Data excerpts —
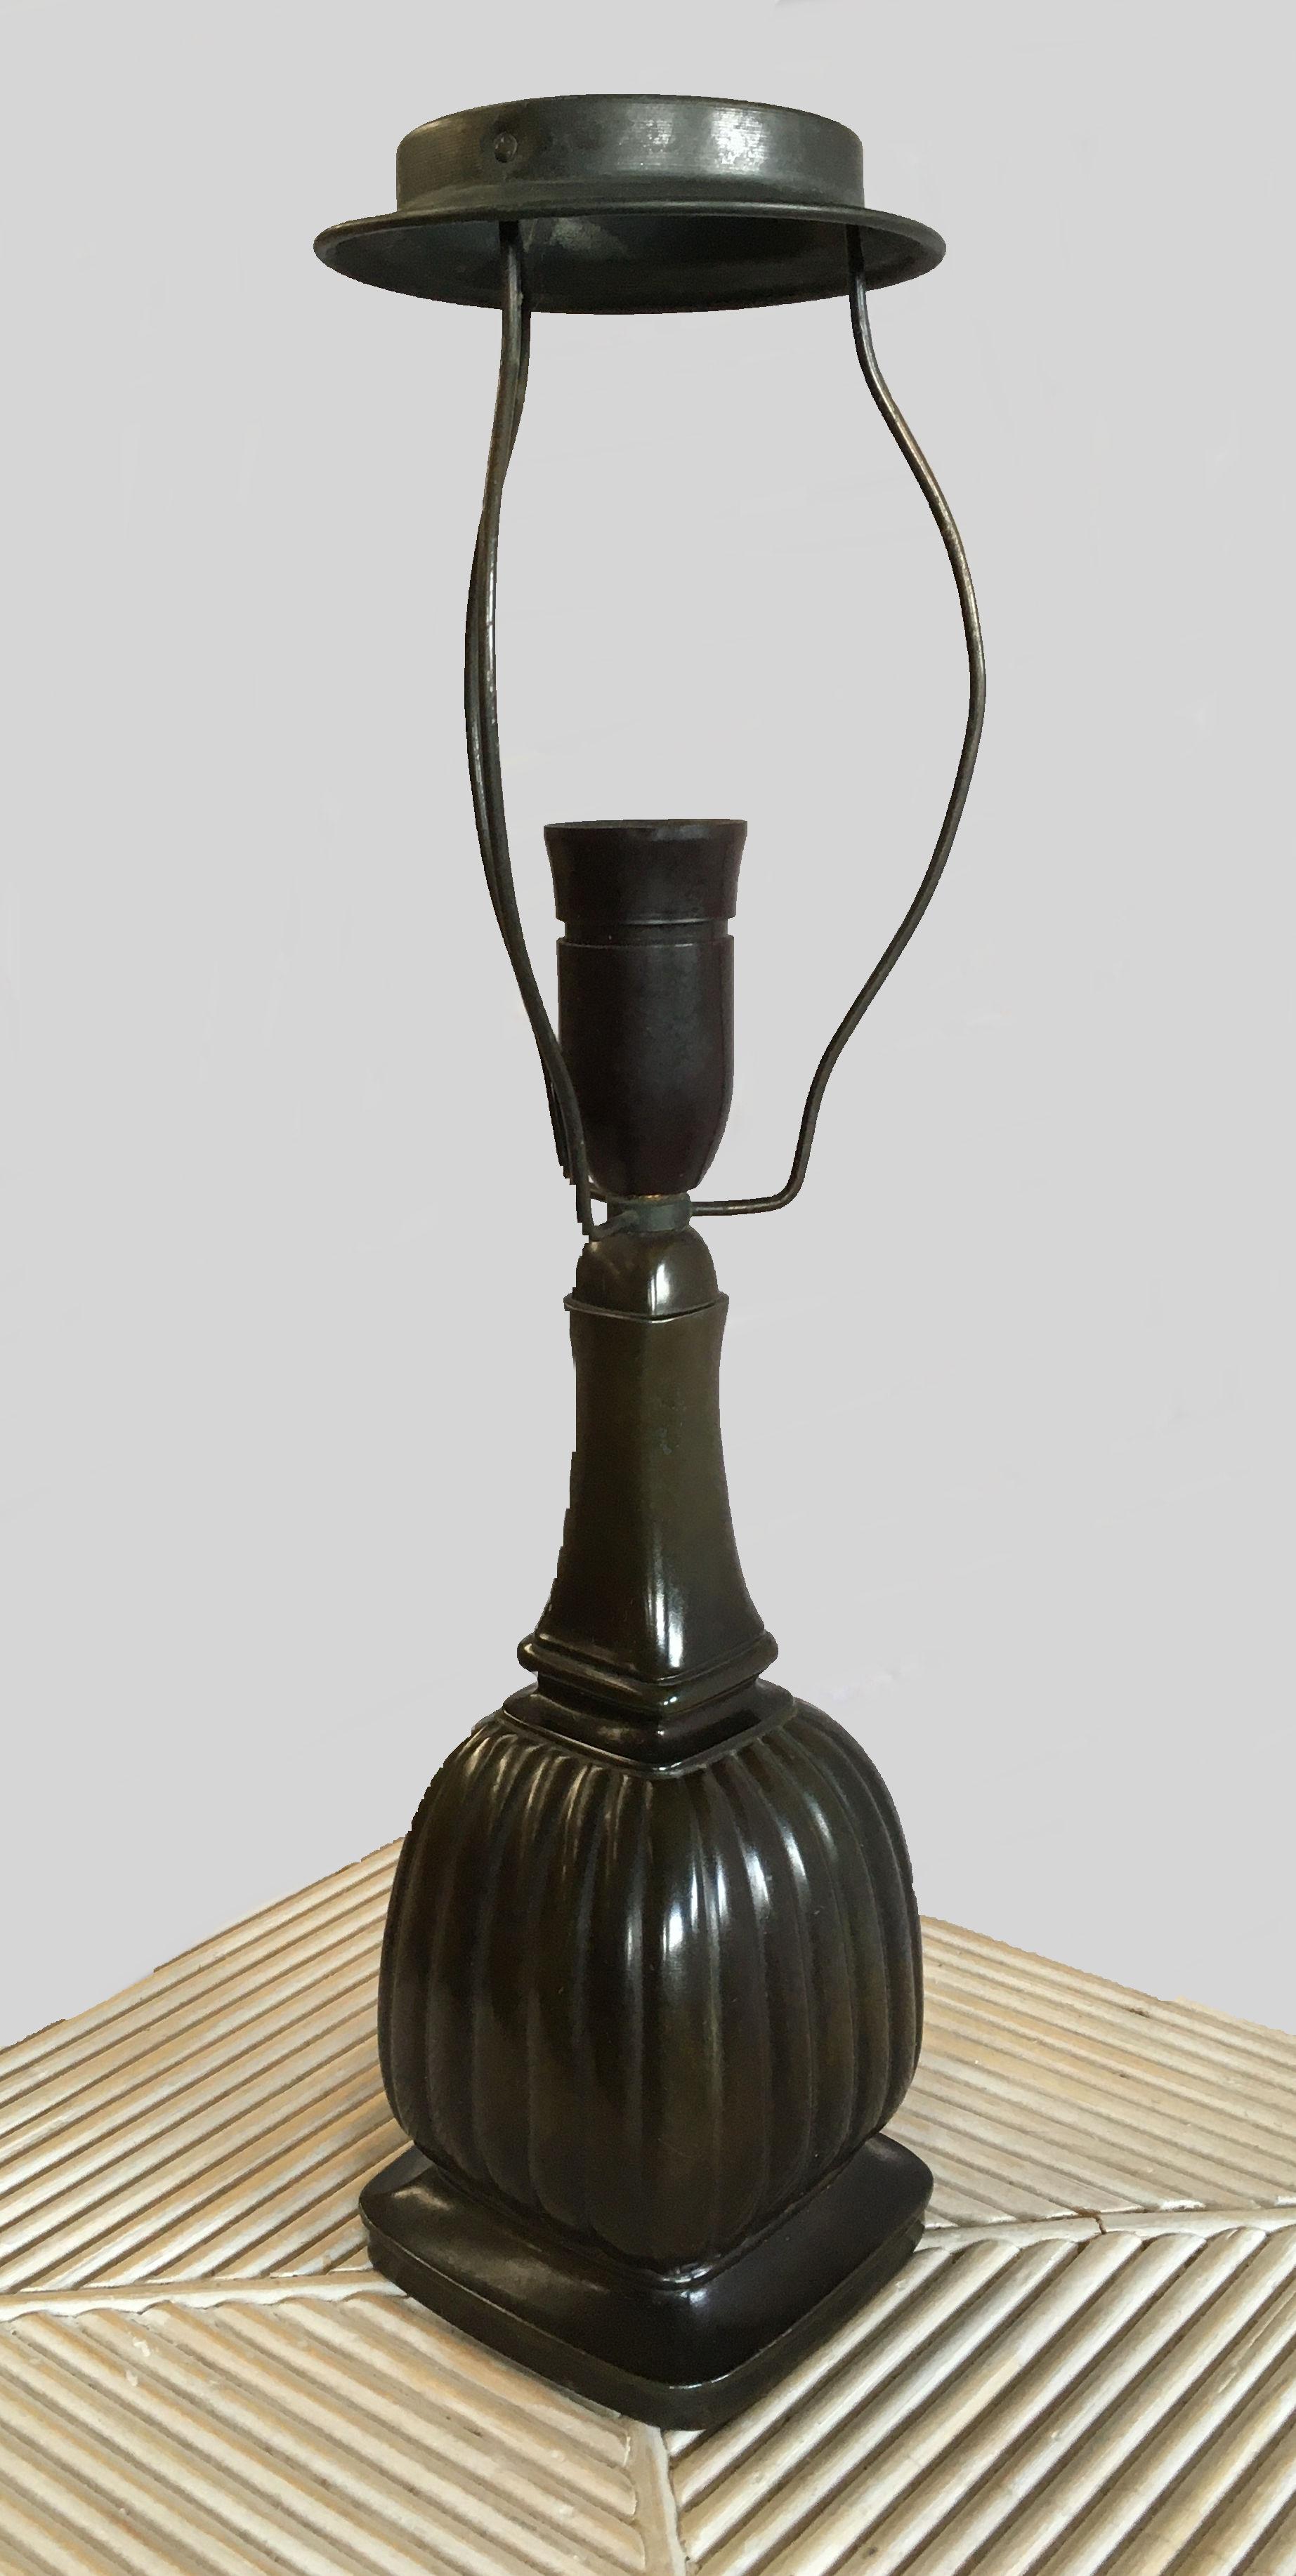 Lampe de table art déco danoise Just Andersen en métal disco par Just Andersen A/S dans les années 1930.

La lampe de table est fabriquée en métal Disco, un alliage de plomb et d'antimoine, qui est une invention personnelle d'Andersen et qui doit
---
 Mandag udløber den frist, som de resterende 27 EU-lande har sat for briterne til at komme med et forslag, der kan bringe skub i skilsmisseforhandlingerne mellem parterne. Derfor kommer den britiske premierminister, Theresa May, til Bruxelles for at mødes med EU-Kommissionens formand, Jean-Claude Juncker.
==
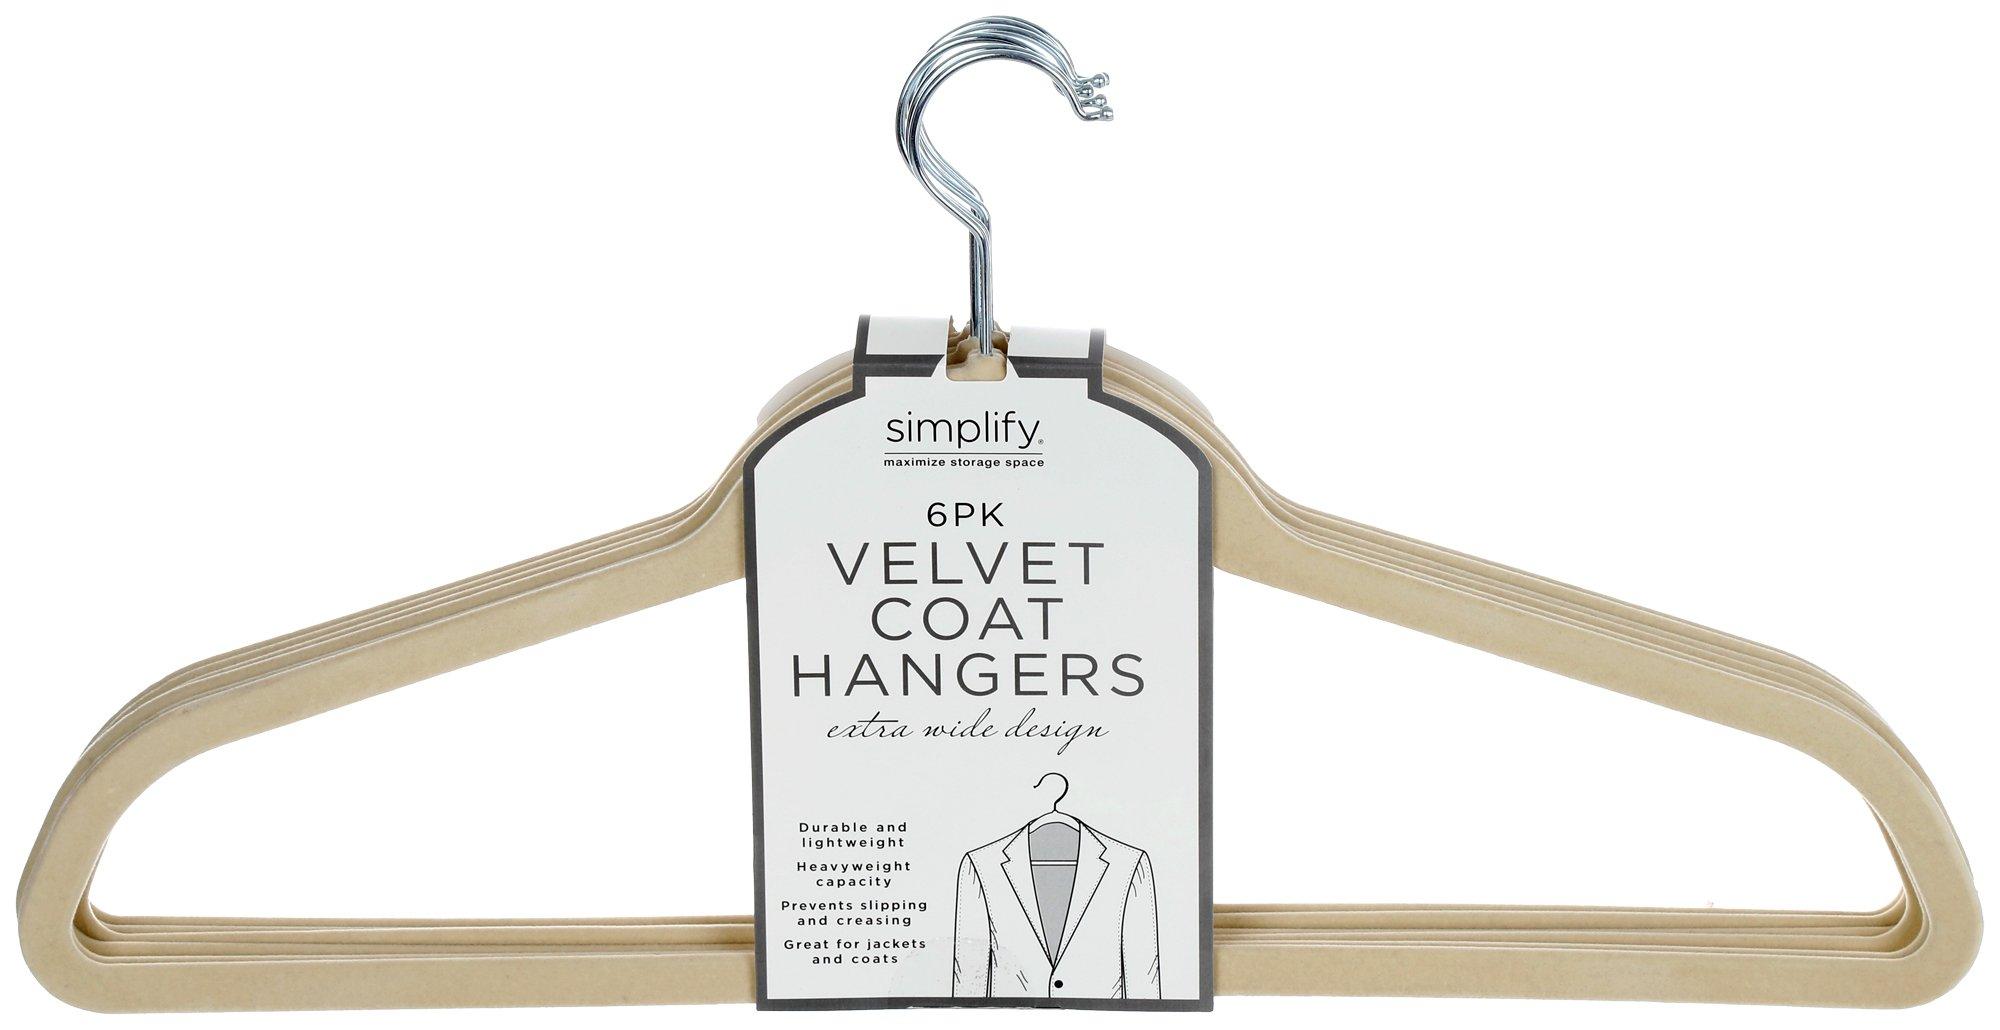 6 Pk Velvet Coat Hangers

Problem —
Using the data above, retype exactly the lines from the line with "Lampe de table art" to the line with "La lampe de", inclusive. No pictures and nothing else.

Expected output —
 Lampe de table art déco danoise Just Andersen en métal disco par Just Andersen A/S dans les années 1930.

La lampe de table est fabriquée en métal Disco, un alliage de plomb et d'antimoine, qui est une invention personnelle d'Andersen et qui doit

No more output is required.